Этот переход от театрального критика к политику огорчает нас и заставляет понять: нам бы хотелось, чтобы в Сатане было еще больше гениальности и нигилизма Яго. Но что Мильтон мог поделать? В Чосеровом Продавце индульгенций был подлинный духовный нигилизм, но эта черта оставалась «недоразвитой» до тех пор, пока Шекспир не догадался, как ему побить героических злодеев Марло при помощи более «самоуглубленной» формы свирепого аморализма. Социальные и исторические энергии были так же доступны современникам Шекспира, как и создателю «Отелло», «Короля Лира» и «Макбета», но очевидно, что ему также были доступны и более «самоуглубленные» энергии. Шекспир умел использовать и преобразовать написанное Чосером и Марло, но никто, даже Мильтон и Фрейд, не умел воспользоваться Шекспиром (вместо этого сам Шекспир пользовался ими), не умел преобразовать нечто столь обширное и универсальное в нечто целиком и полностью свое.

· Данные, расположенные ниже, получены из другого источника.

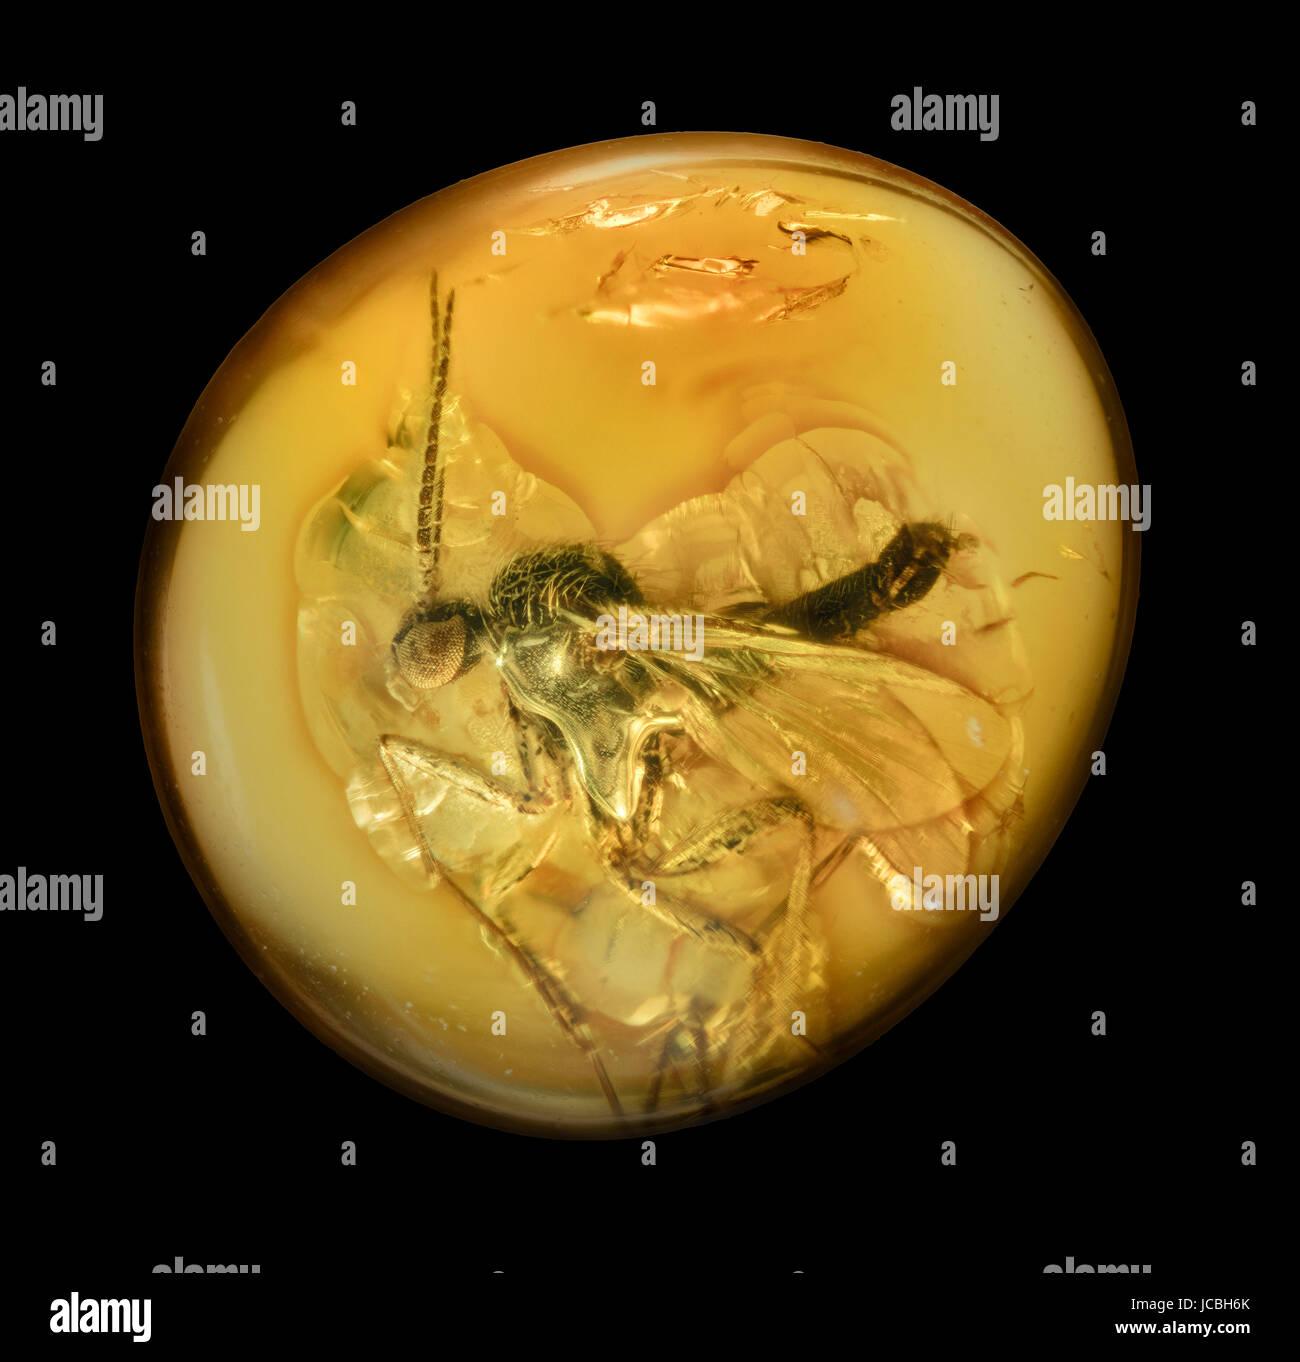 Voler dans l'ambre fossilisé, disque en résine translucide, provenant de conifères disparues de la période tertiaire des fossiles Banque D'Images

8. Доктор Сэмюэл Джонсон, канонический критик

Западную литературную критику можно возводить к нескольким началам, среди которых — «Поэтика» Аристотеля и нападение на Гомера в «Государстве» Платона. Я лично поддерживаю мнение Бруно Снелля, который в книге «Открытие духа» воздает соответствующие почести яростной атаке Аристофана на Еврипида. Есть мрачная закономерность в том, что эта форма умственной деятельности родилась из умышленного фарса и нынче умирает в виде фарса нечаянного, разыгрываемого роем современных «политических» и «культурных» критиков, которые губят наши образовательные учреждения. Плач по Западному канону будет неполным, если не вспомнить образцового канонического критика, доктора Сэмюэла Джонсона, равного которому не было ни в одной стране ни до него, ни после.

Джонсон имеет меньше общего с Монтенем и Фрейдом, двумя другими эссеистами, о которых идет речь в этой книге, чем те — между собою. Скептический или эпикурейский склад вызывал у Джонсона гнев; он был настоящий монархист, христианин и классицист — в отличие от Т. С. Элиота, в чьих притязаниях на эту тройственную идентичность хватало недобросовестности. В докторе Джонсоне никакой недобросовестности нет — он был столь же добр, сколь и велик, и при этом отрадно, дико странен — в высочайшей мере. Я имею в виду не только его своеобразную или эксцентричную (хотя и восхитительную) натуру, которую запечатлела доныне лучшая из литературных биографий — «Жизнь Сэмюэла Джонсона» Босуэлла. Джонсон был сильный поэт и написал великолепную прозаическую фантазию «Расселас, принц Абиссинский», но все его сочинения, критические в первую очередь, принадлежат, по существу, к наставительной литературе.

Подобно своему истинному предшественнику — тому, кто написал Книгу Экклезиаста из Танаха, — Джонсон тревожит, выходит за рамки привычного, он — совершенно уникальный моралист. Для Англии Джонсон — то же, что Эмерсон для Америки, Гёте для Германии и Монтень для Франции: главный отечественный мудрец. Но Джонсон, в той же мере, что и Эмерсон, — самобытный писатель-наставник, притом что сам он заявлял о полном соответствии своих нравственных установок христианской, классической и консервативной идеологиям. Опять же подобно Эмерсону, а также Ницше и представителям французской нравоучительной традиции, Джонсон — великий афорист, у которого, как отмечал М. Д. К. Ходжарт, мораль сочетается со здравомыслием. Возможно, точное определение для Джонсона — критик-эмпирик, литературный и «жизненный». Лучше всякого другого критика Джонсон демонстрирует, что единственный «метод» — это сама человеческая личность и что критика, следовательно, есть ответвление наставительной литературы. Она — не политическая и не социальная наука, не культ гендерного и расового чирлидерства, в который она превратилась в западных университетах.